Она издает короткий горький смешок.
— Если б я действительно хотела найти доктора, то сделала бы это гораздо раньше, можешь мне поверить, и взялась бы за дело иначе… Я знаю, о чем ты думаешь, Тео. Что те события произошли очень давно и что я, возможно, все выдумала. Ты спросишь, как я могу быть уверена, что он делал со мной эти ужасные вещи, если каждый раз теряла сознание и потом ничего не помнила? Скажу тебе так: женщина чувствует такие вещи нутром. Я знаю, что этот человек сделал со мной. — Ее лицо приобрело болезненно жесткие черты.
— Я думал совсем о другом. Я уверен, что ты говоришь правду, но не понимаю, как нам добыть доказательства… Сомневаюсь, что ты — единственная жертва Далленбаха. Он работал в доме Святой Марии шесть лет, ему пришлось осматривать сотни интернированных девушек.
— У тебя будут доказательства.
— Откуда?
— У меня есть улики против этого человека. Но придется немного подождать.
Я слишком ошеломлен, чтобы отвечать, и мама продолжает:
— А теперь я хочу, чтобы ты выслушал меня очень внимательно, Тео.
К моему удивлению, она сообщает, что у нее есть сейф в швейцарском банке в Париже, где находится ключ от ее квартиры. Она уже оформила специальную доверенность, чтобы я мог получить к нему доступ. В ее глазах опять появляется тревожное выражение.
— Планировалось, что ты узнаешь о содержимом банковской ячейки только после моей смерти, но все сложилось не так, как я предполагала. Теперь у меня нет выбора: нам придется выставить прошлое на всеобщее обозрение. Ты найдешь документы и большой конверт из крафтовой бумаги, который ни в коем случае не должен открывать, Тео…
Я киваю — наверное, слишком небрежно.
— Ни при каких обстоятельствах!

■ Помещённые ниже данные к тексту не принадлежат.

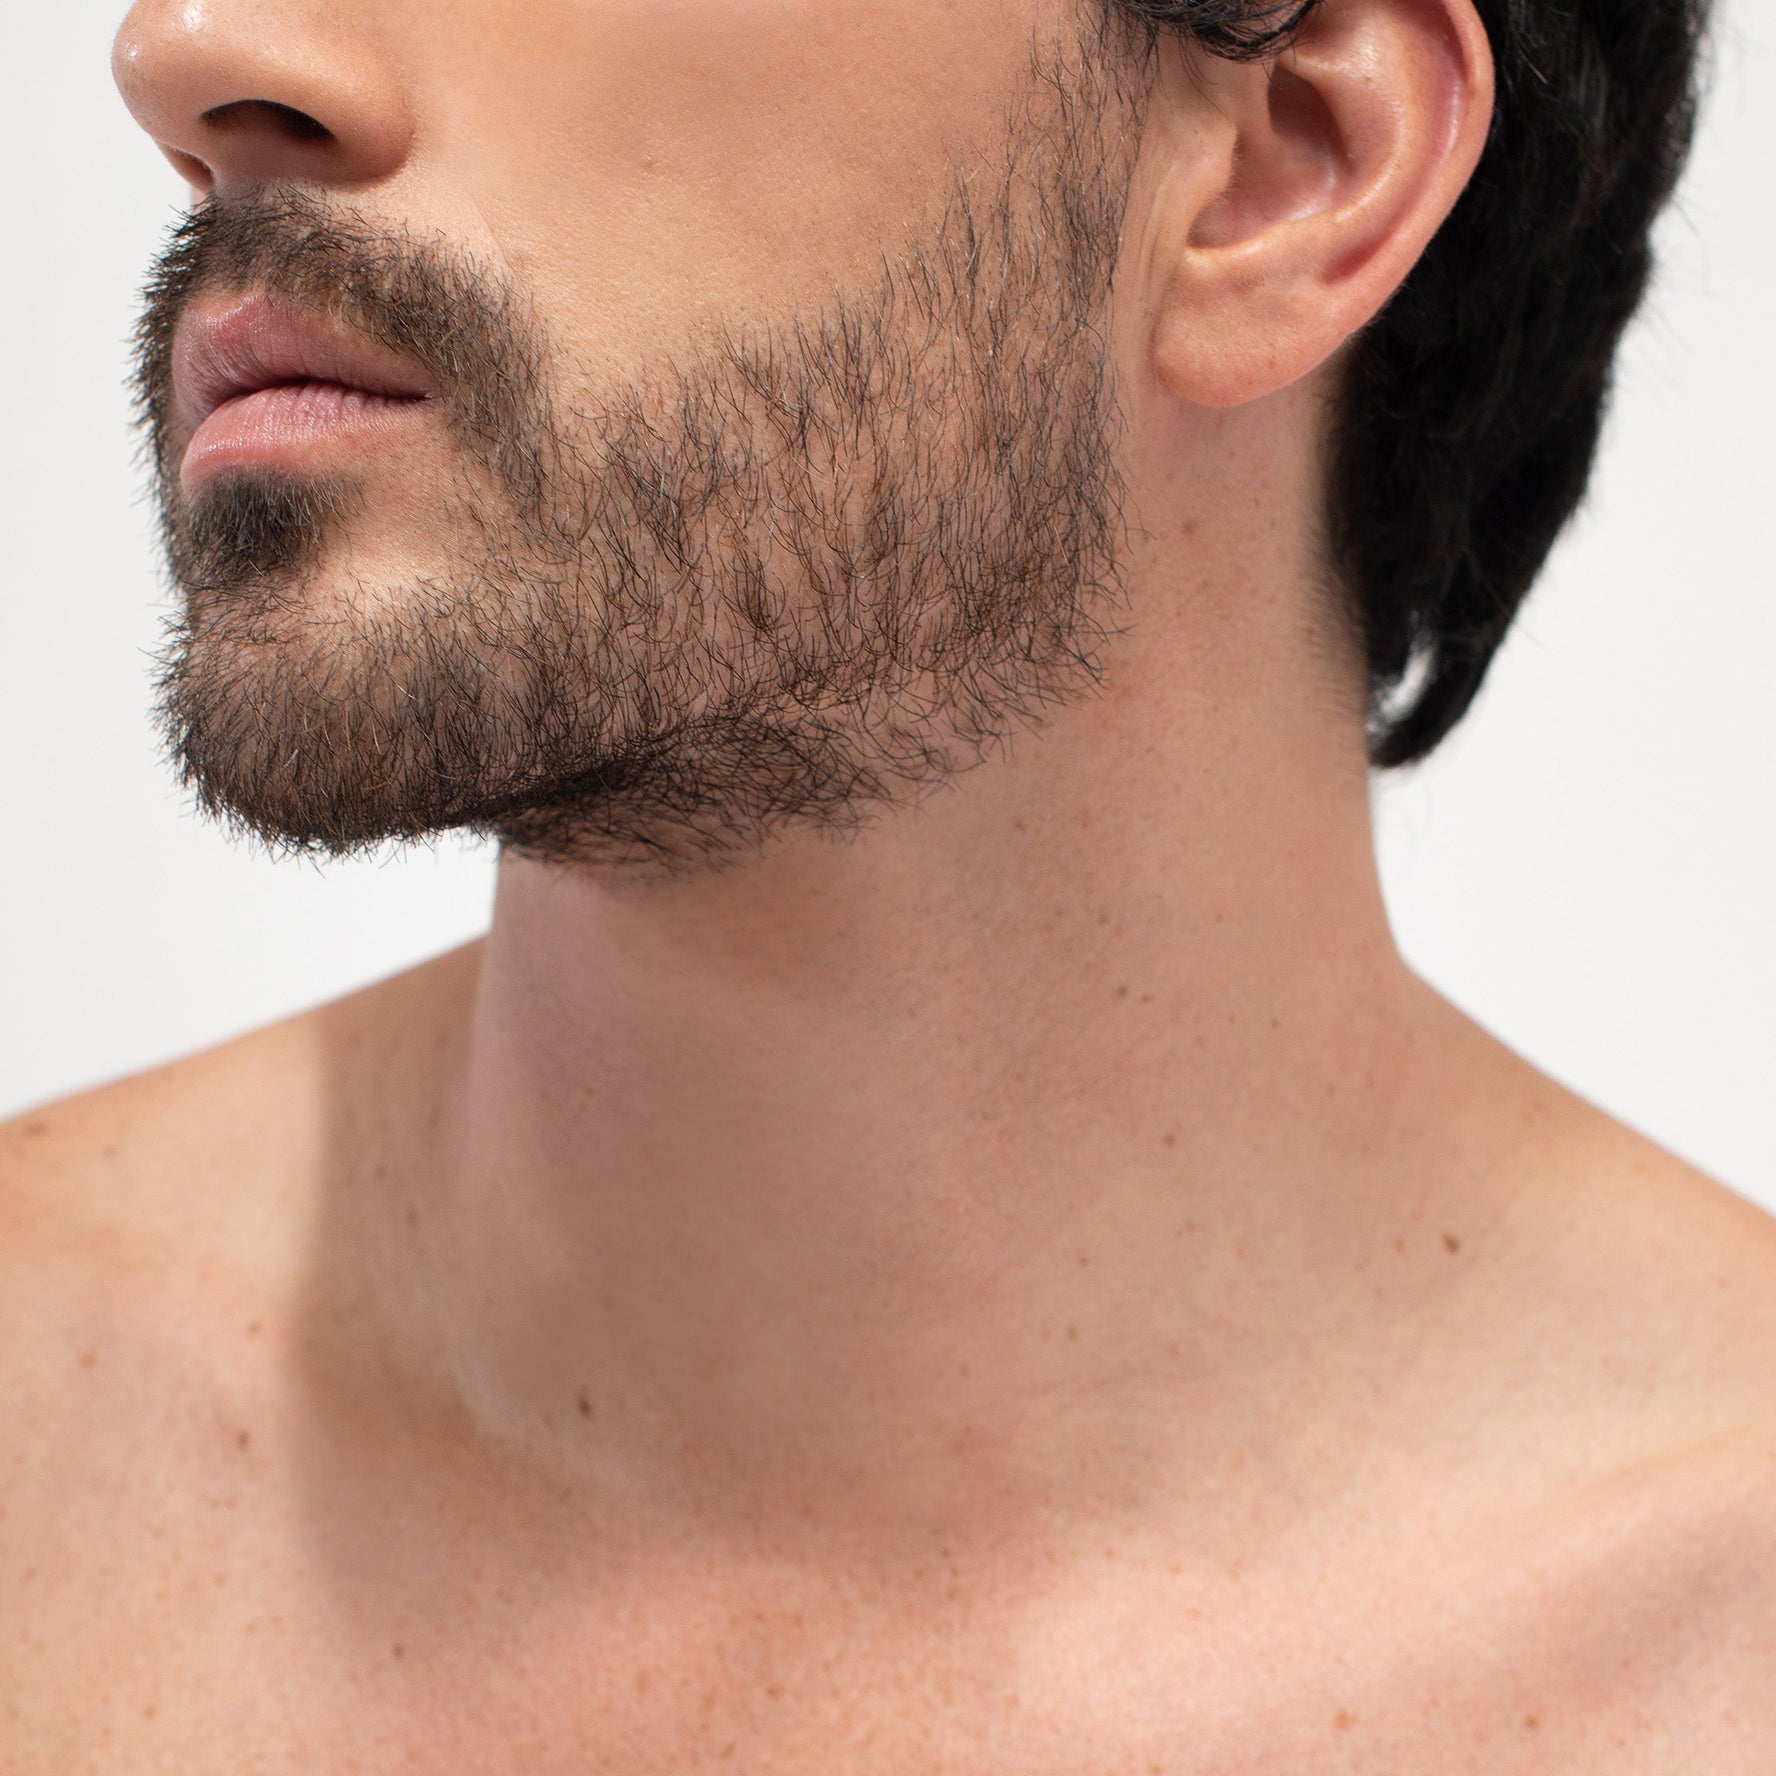 Cuello anterior masculino - Clínica Belenus
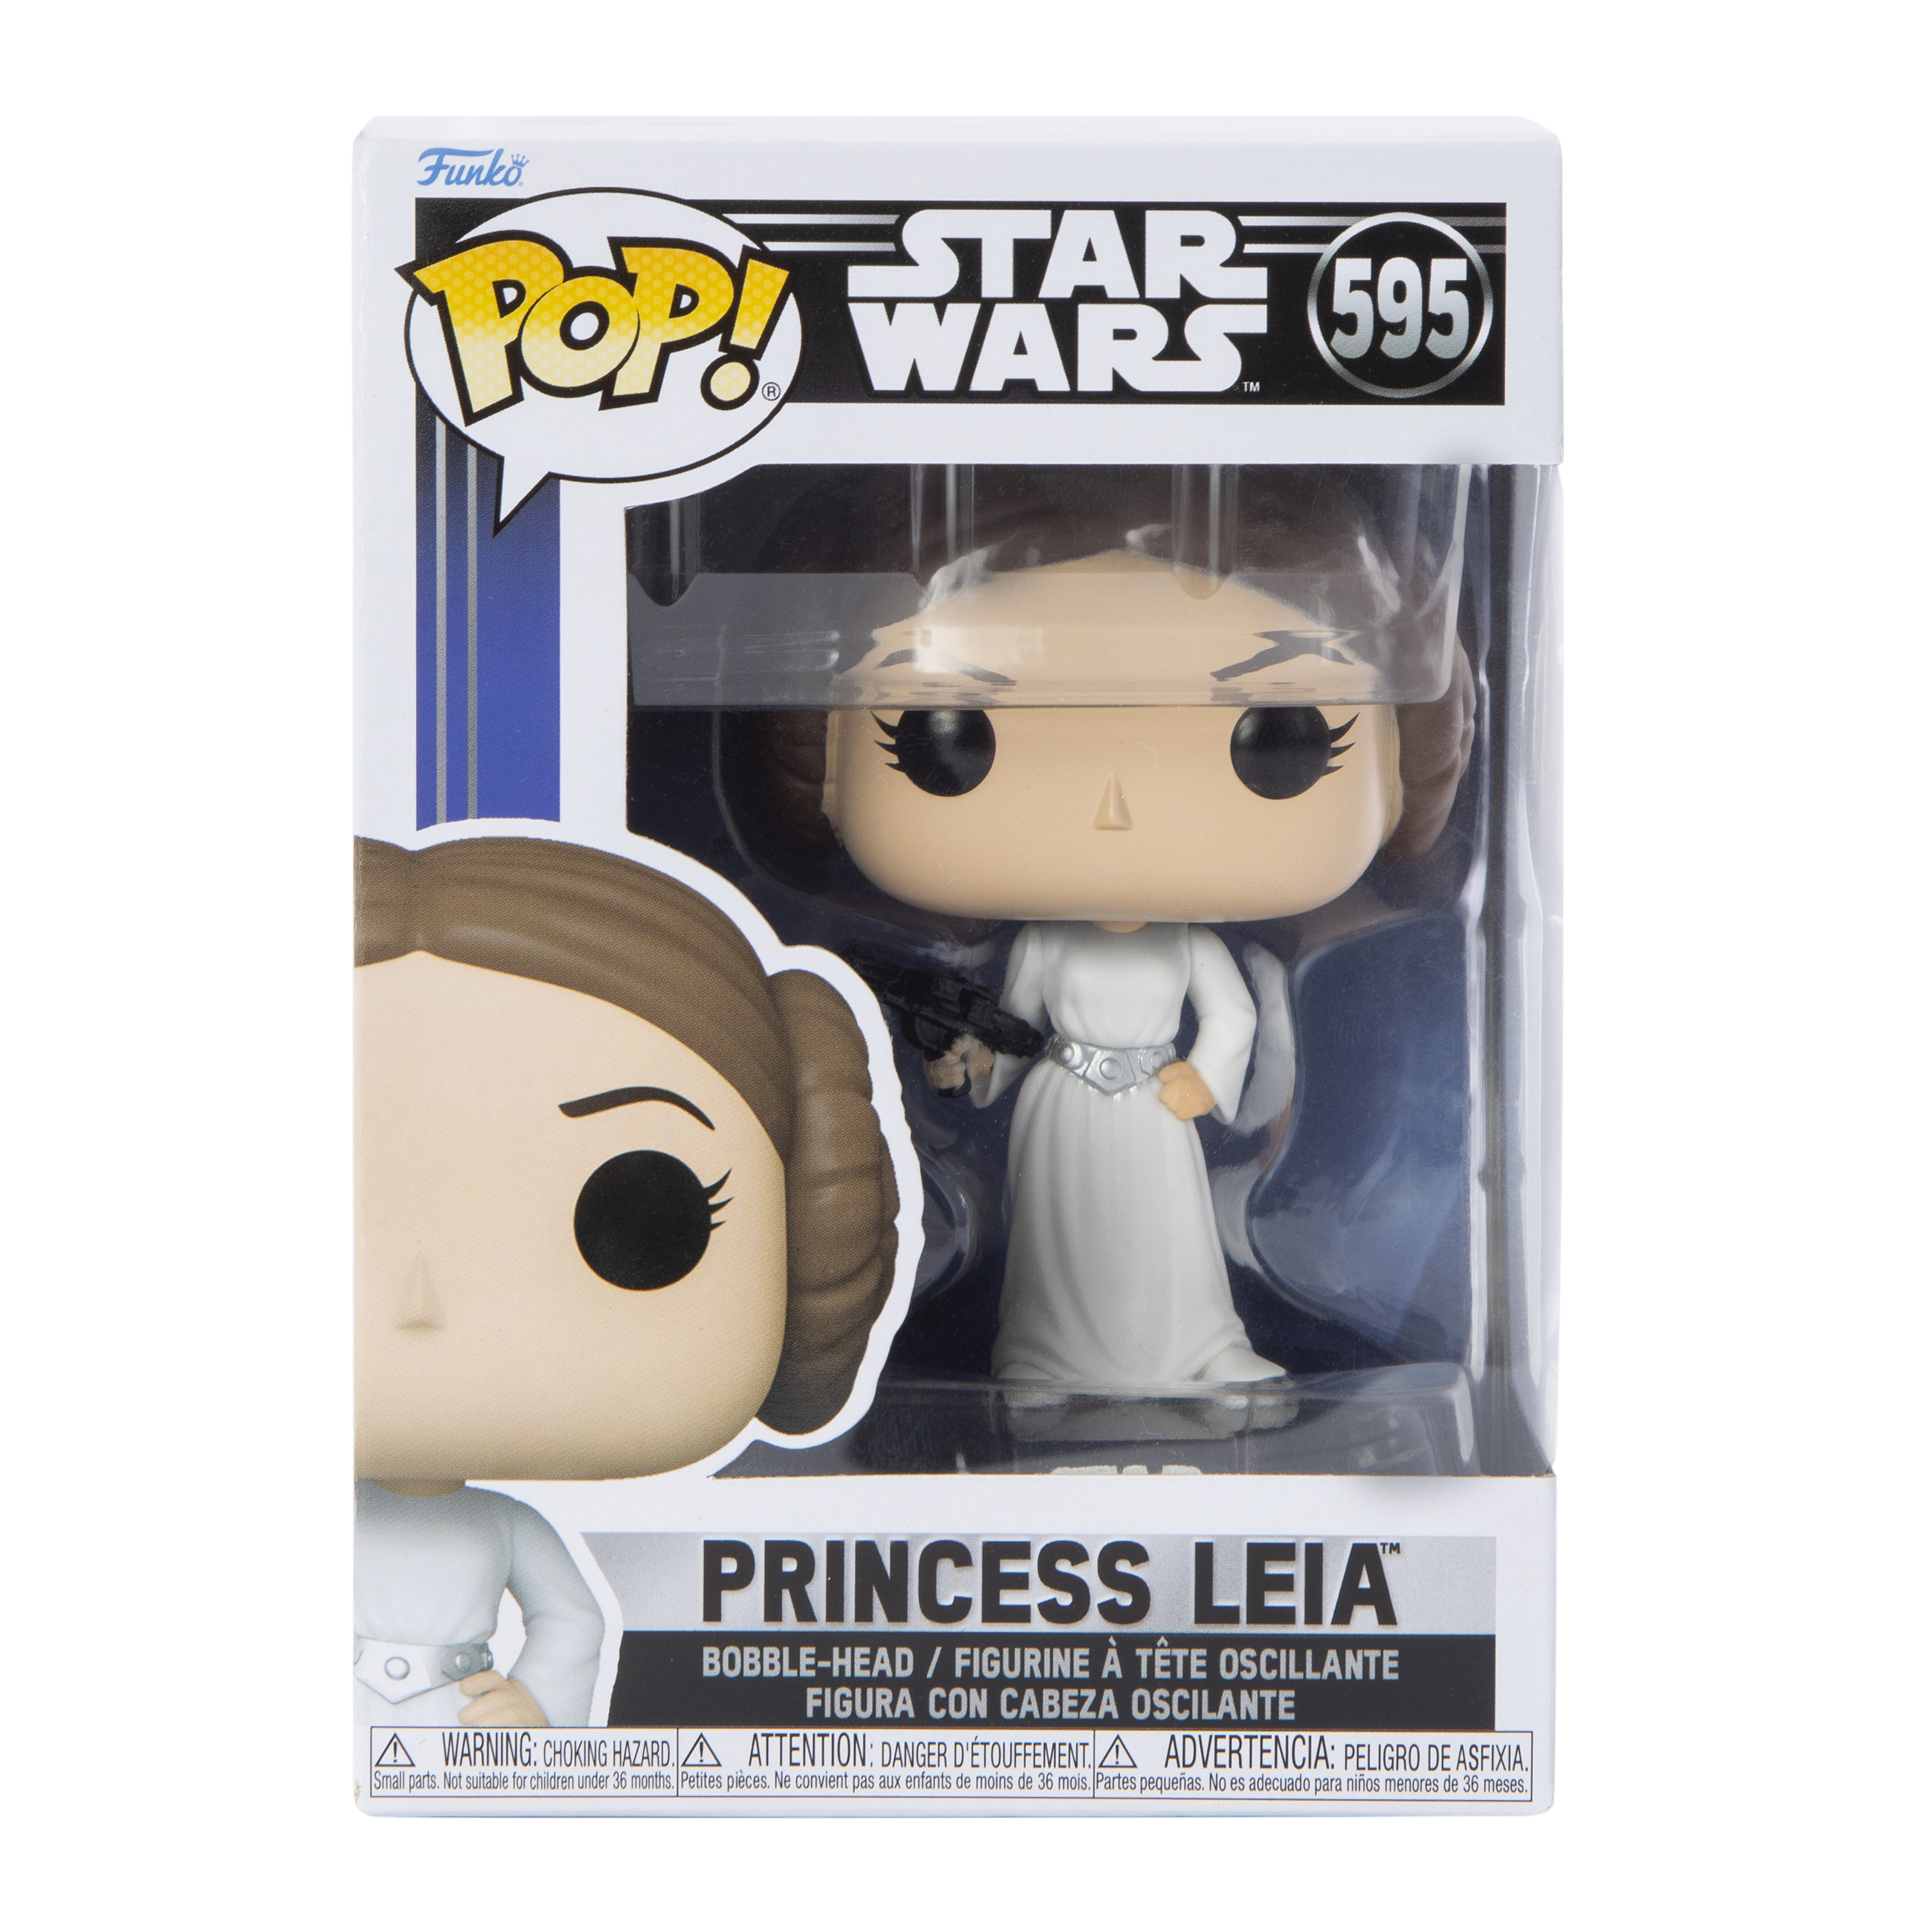 Funko Pop! Star Wars Princess Leia Bobble-Head Figure

Ты должен пообещать мне.
— Обещаю.
— Ты отдашь его адвокату; он знает, что с ним делать.
— Ты сказала «документы», а что еще там лежит?
— Увидишь сам… Тебе пора — я устала и, кажется, наговорила больше, чем хотела.
— Могу я прийти завтра?
— Нет. Возвращайся в Париж и поскорее займись делом. Сейчас это важнее всего.
Она не двигается, и я собираюсь встать, но передумываю. У меня остался последний вопрос.
— Мама, что именно произошло в гостинице в Авиньоне? Далленбах признал вину?
Она смотрит на меня в замешательстве.
— Я не помню, что делала в том бунгало. Я последовала за ним, выйдя из бассейна. Помню, как постучала, помню его озадаченное лицо, когда он открыл дверь, и на этом всё. Я убила человека, Тео, а воспоминаний об этом нет…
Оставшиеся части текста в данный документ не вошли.